Directions for this task – Write the listing out again word for word. Pictures do not belong in the copy.

── Supplied material ──

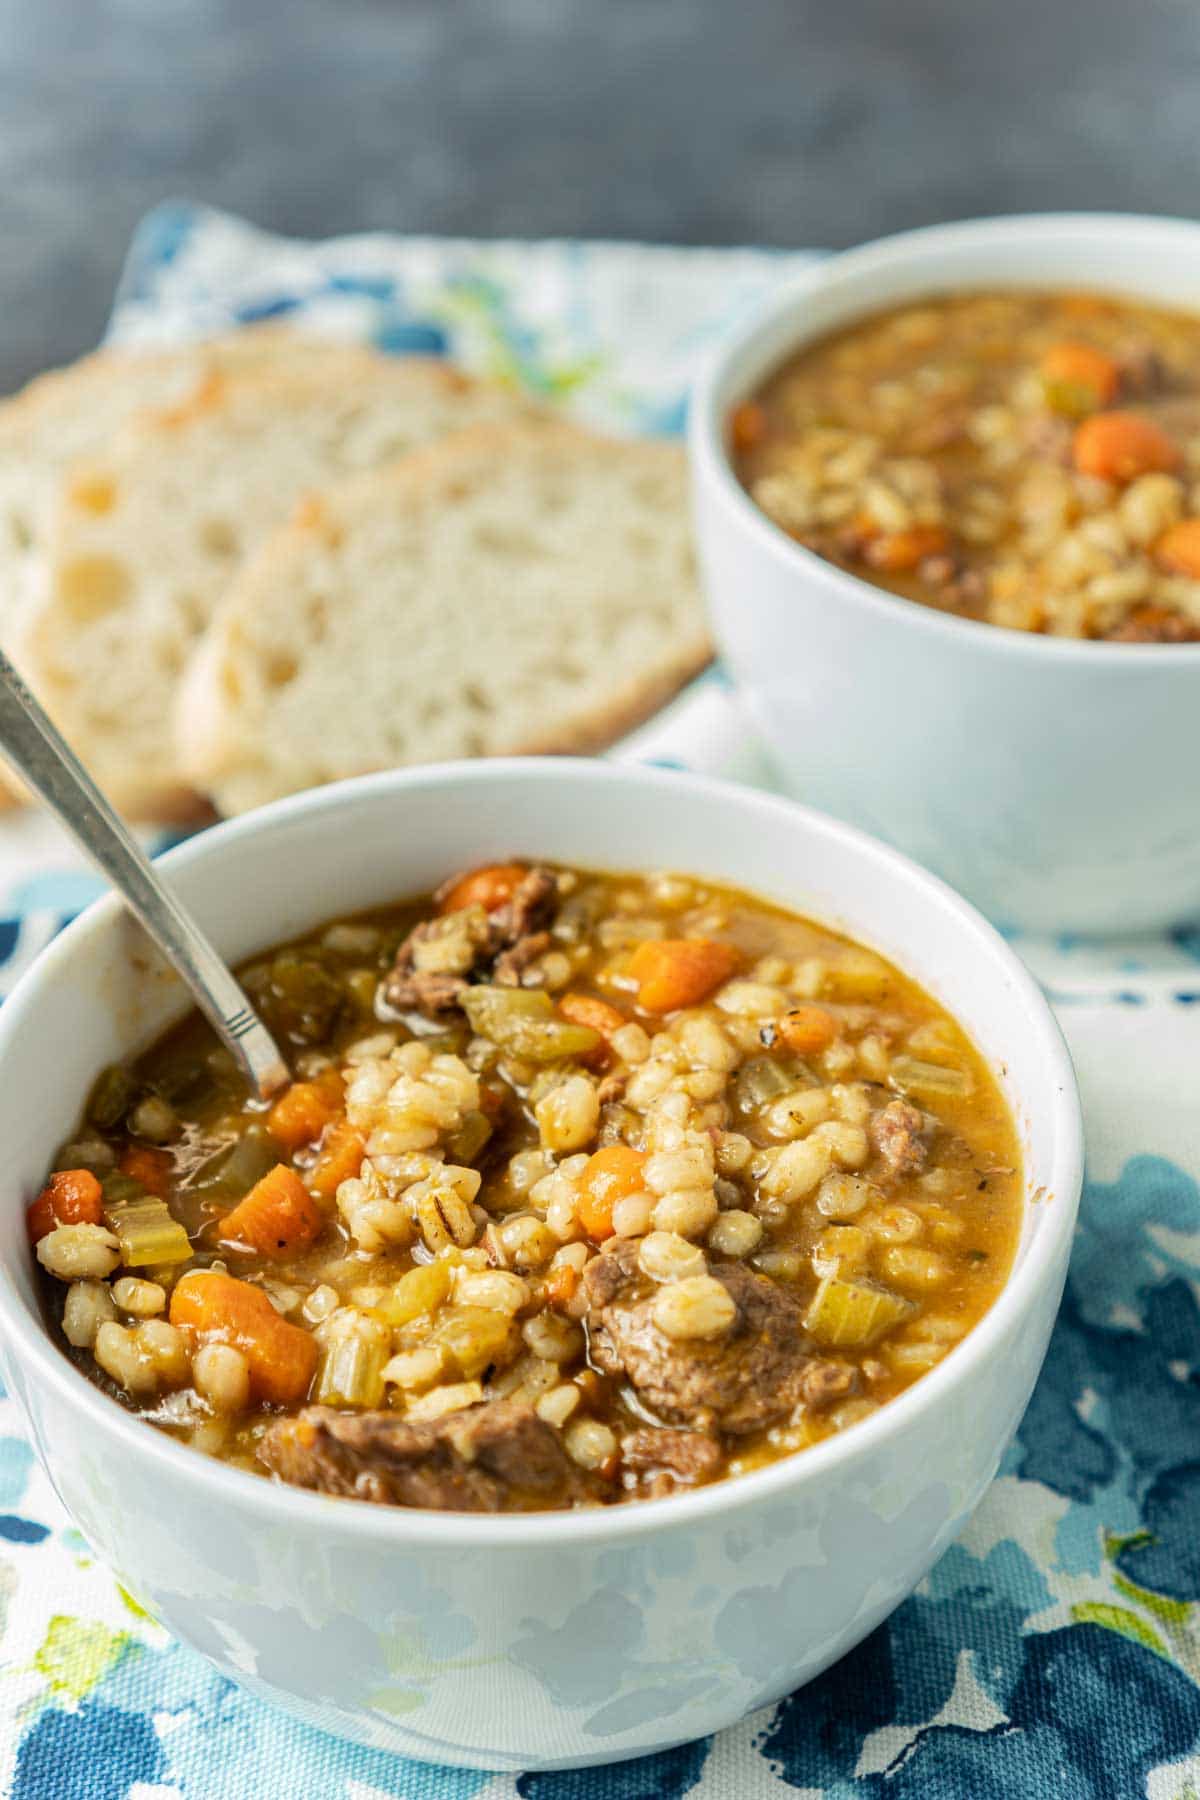 Top 15 Most Shared Best Beef Barley soup – Easy Recipes To Make at Home
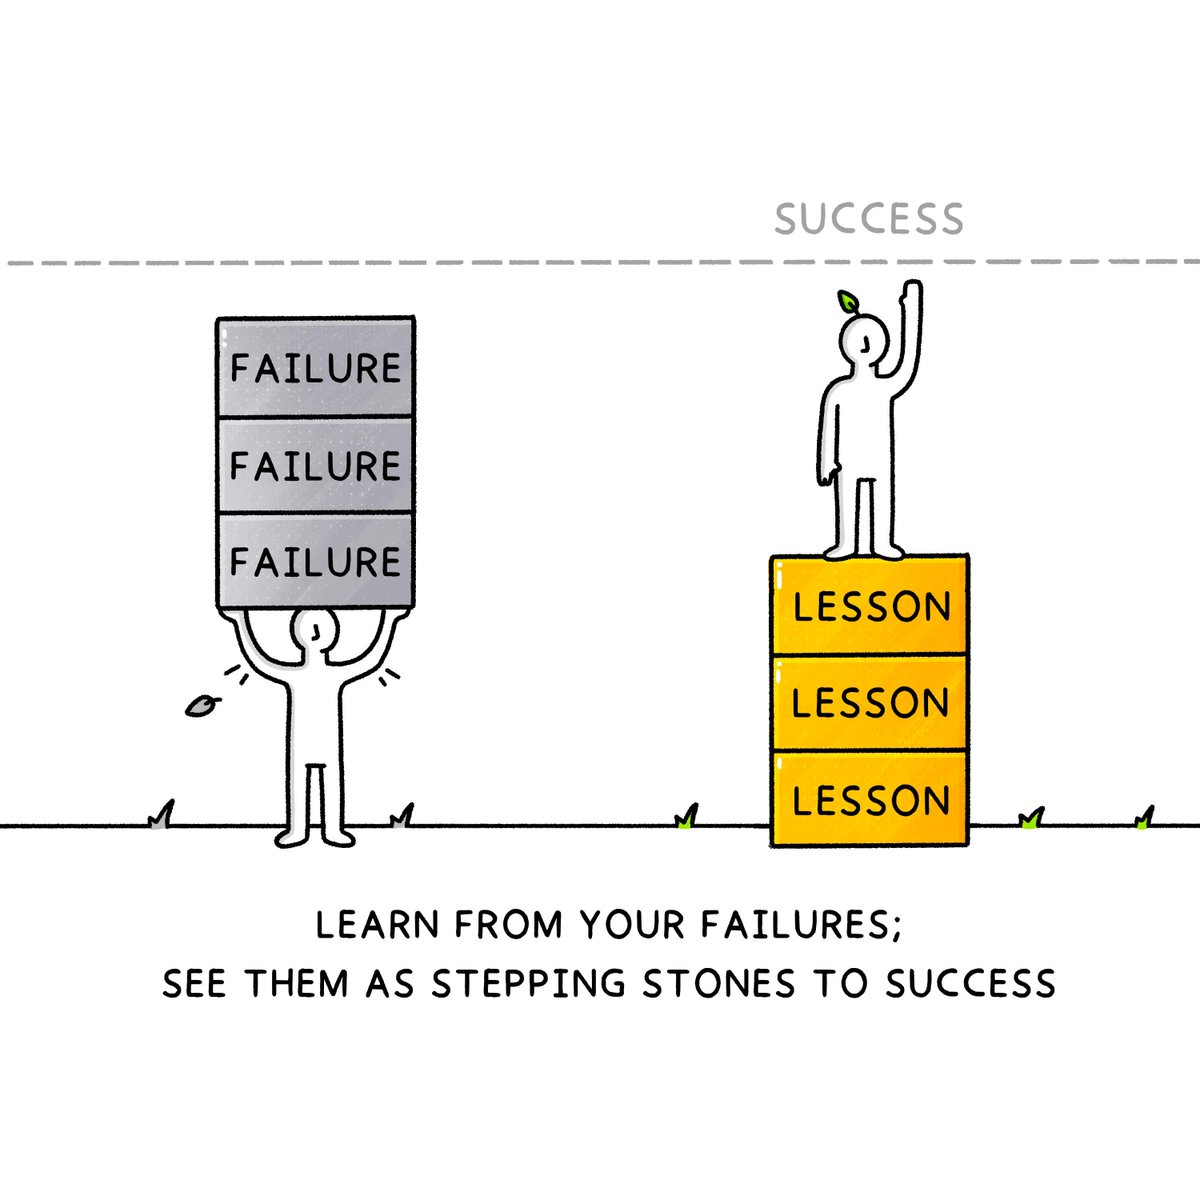 For those who want to build their own startup/business, this visual is important  

#StartupJourney #EntrepreneurLife #BusinessSuccess #FailureToSuccess #ResilientEntrepreneur #LearnAndGrow #StartupMindset #EmbraceFailure #SuccessStrategies #NeverGiveUp #BusinessGrowth
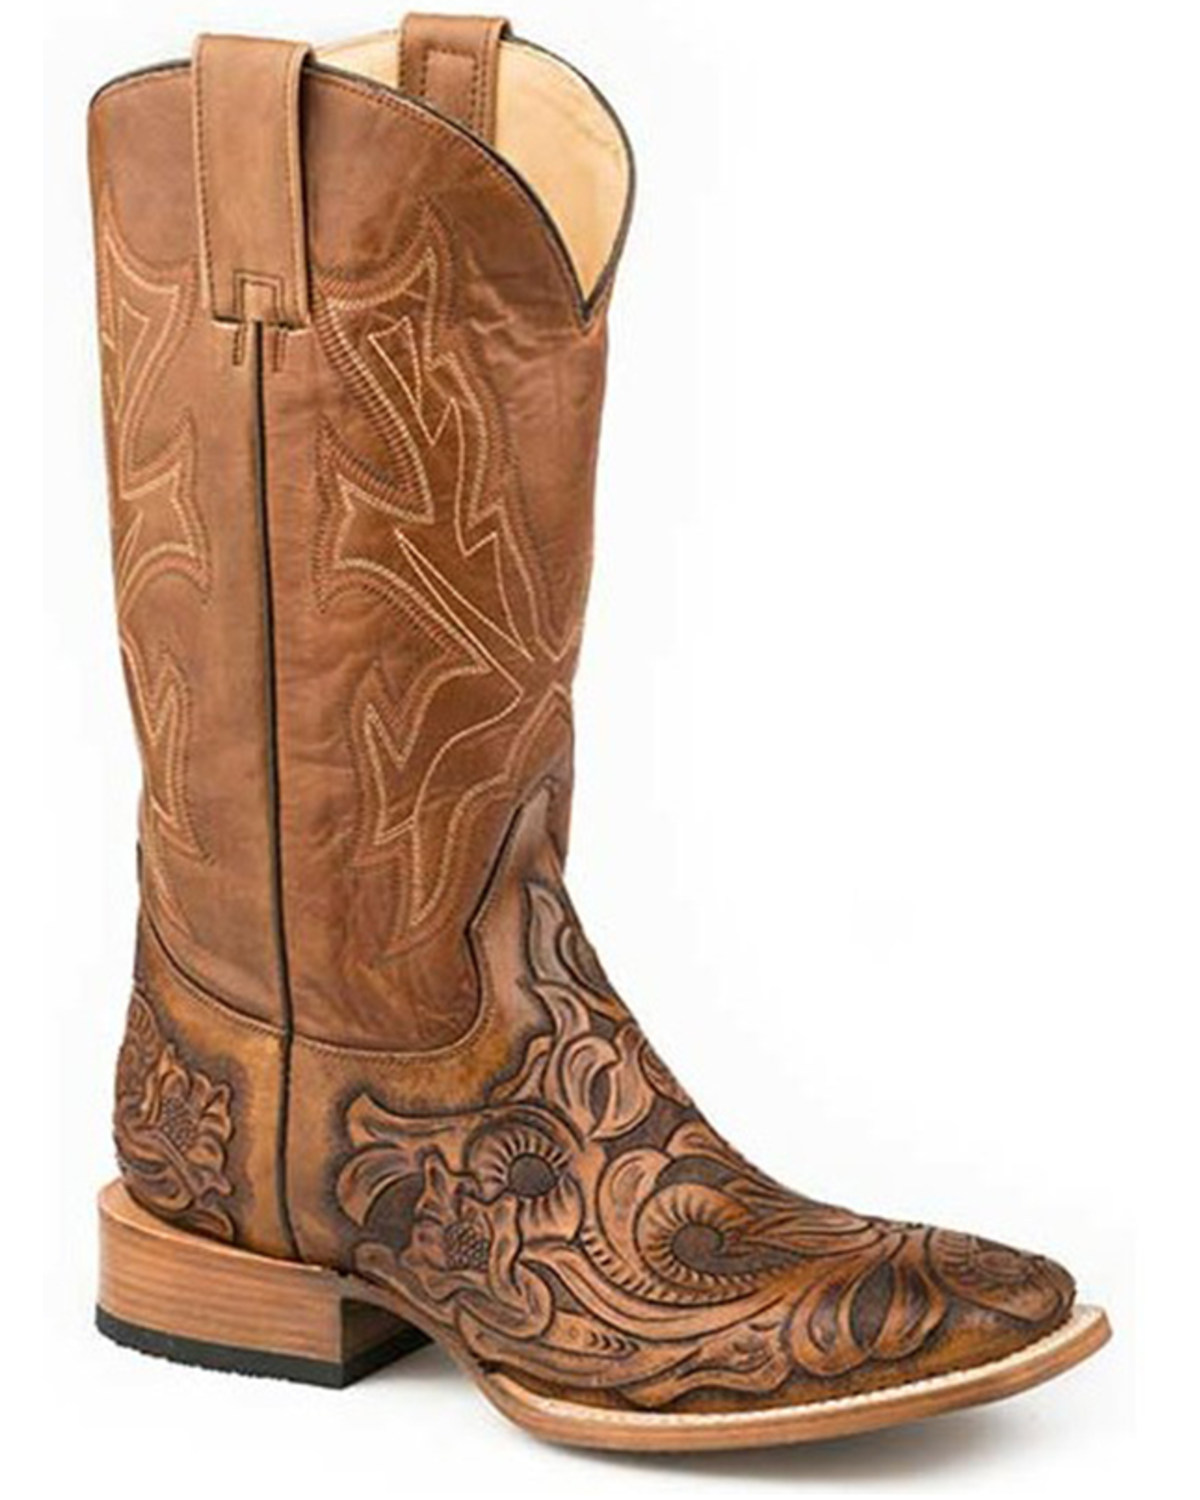 Stetson Men's Handtooled Wicks Western Boots - Broad Square Toe
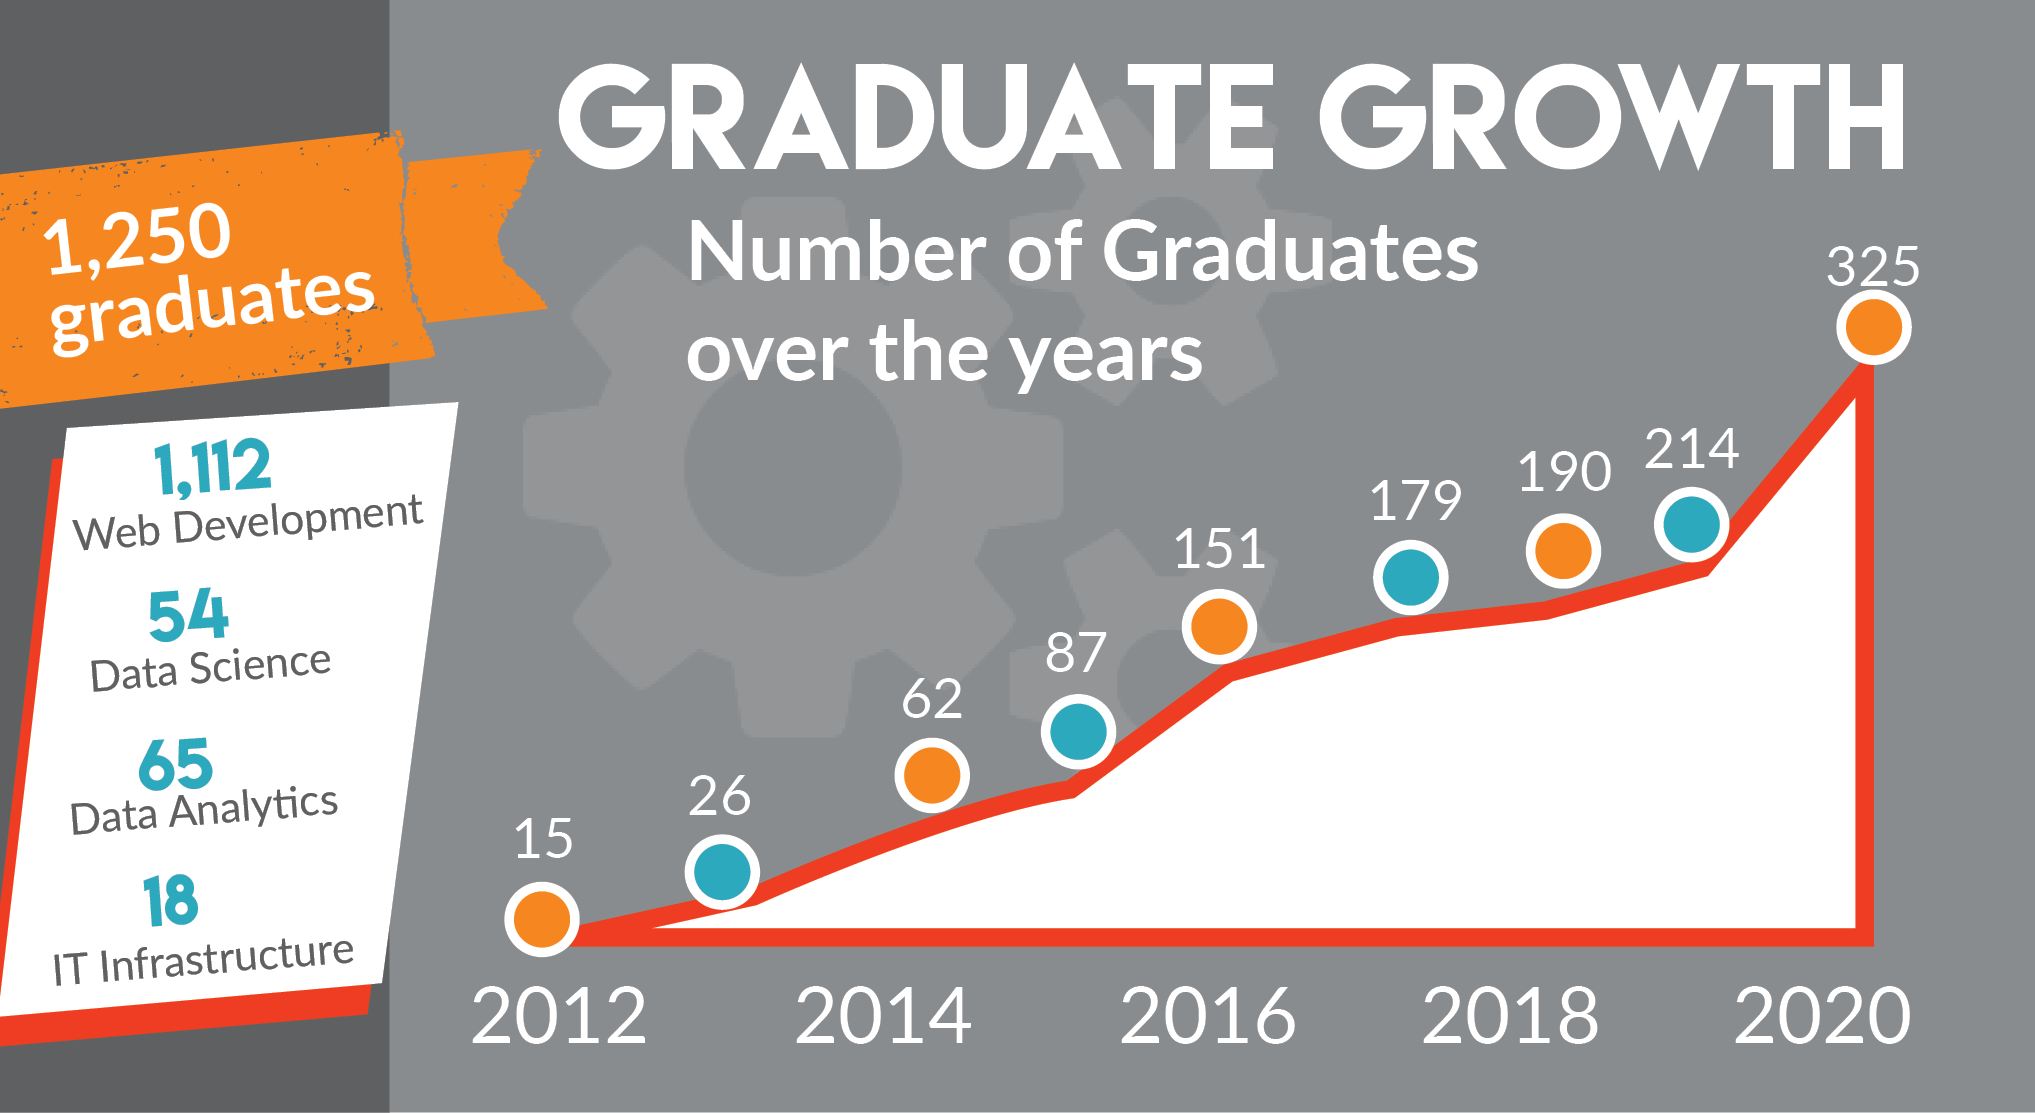 Graduate Growth - from 15 graduates in 2012 to 325 graduates in 2020, NSS has graduated 1250 students
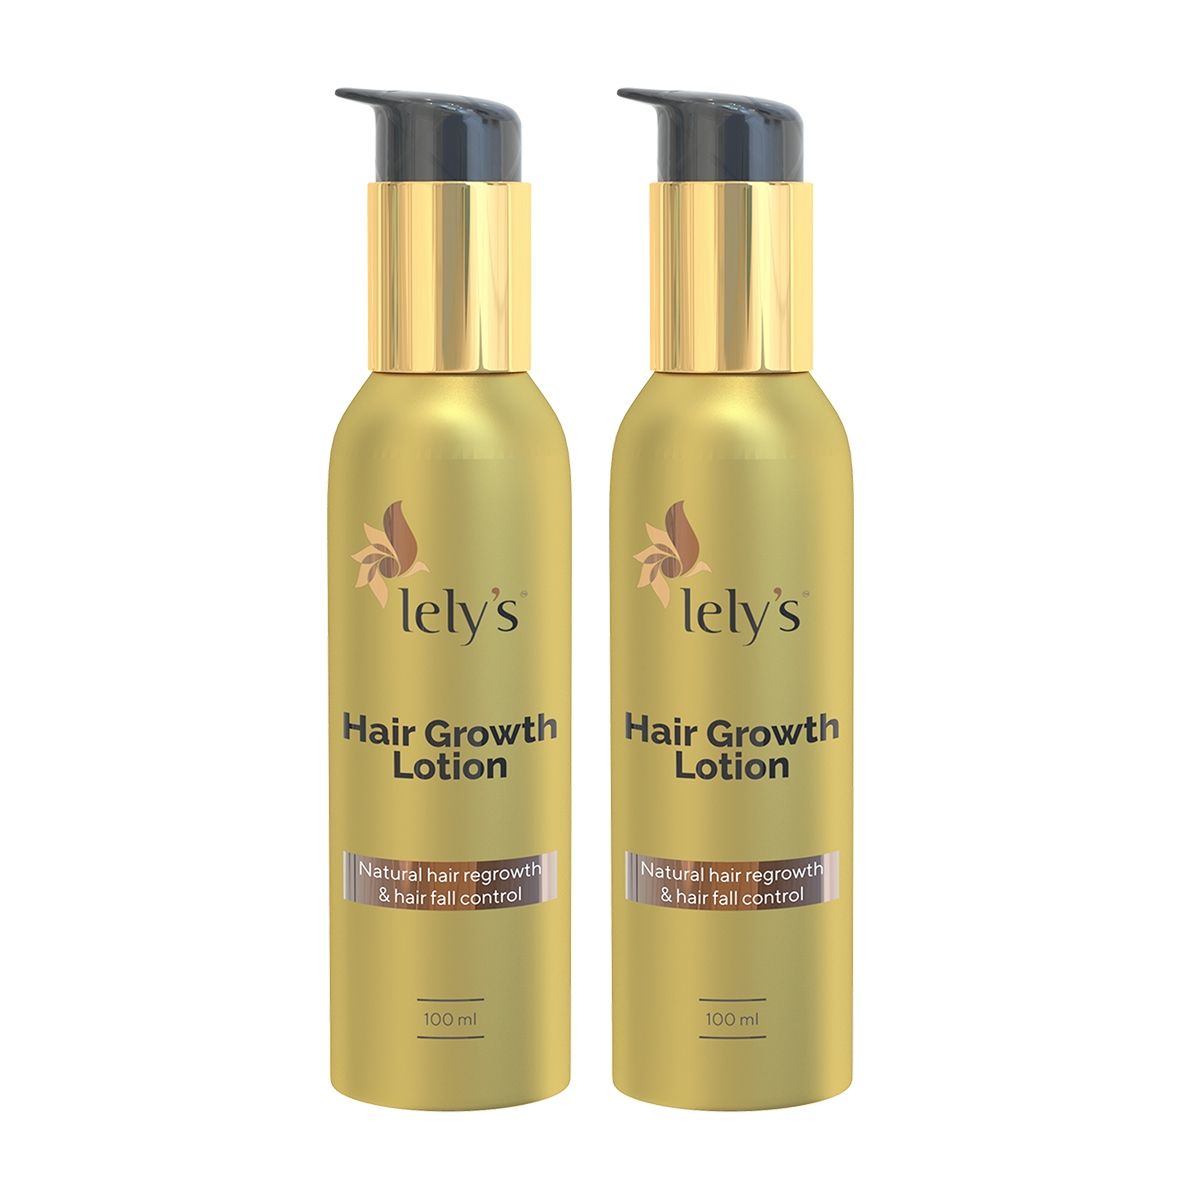 lely's | Lely's Hair Growth Lotion For Both Male And Female - Reduces Hairfall, Promotes Hair Growth, Strengthens Hair, For All Hair Types, Improve Scalp Conditions, Reduces Thinning Hair - 100 Ml Pack of 2

───

The completed task –
 Top 15 Most Shared Best Beef Barley soup – Easy Recipes To Make at Home
 For those who want to build their own startup/business, this visual is important  

#StartupJourney #EntrepreneurLife #BusinessSuccess #FailureToSuccess #ResilientEntrepreneur #LearnAndGrow #StartupMindset #EmbraceFailure #SuccessStrategies #NeverGiveUp #BusinessGrowth
 Stetson Men's Handtooled Wicks Western Boots - Broad Square Toe
 Graduate Growth - from 15 graduates in 2012 to 325 graduates in 2020, NSS has graduated 1250 students
 lely's | Lely's Hair Growth Lotion For Both Male And Female - Reduces Hairfall, Promotes Hair Growth, Strengthens Hair, For All Hair Types, Improve Scalp Conditions, Reduces Thinning Hair - 100 Ml Pack of 2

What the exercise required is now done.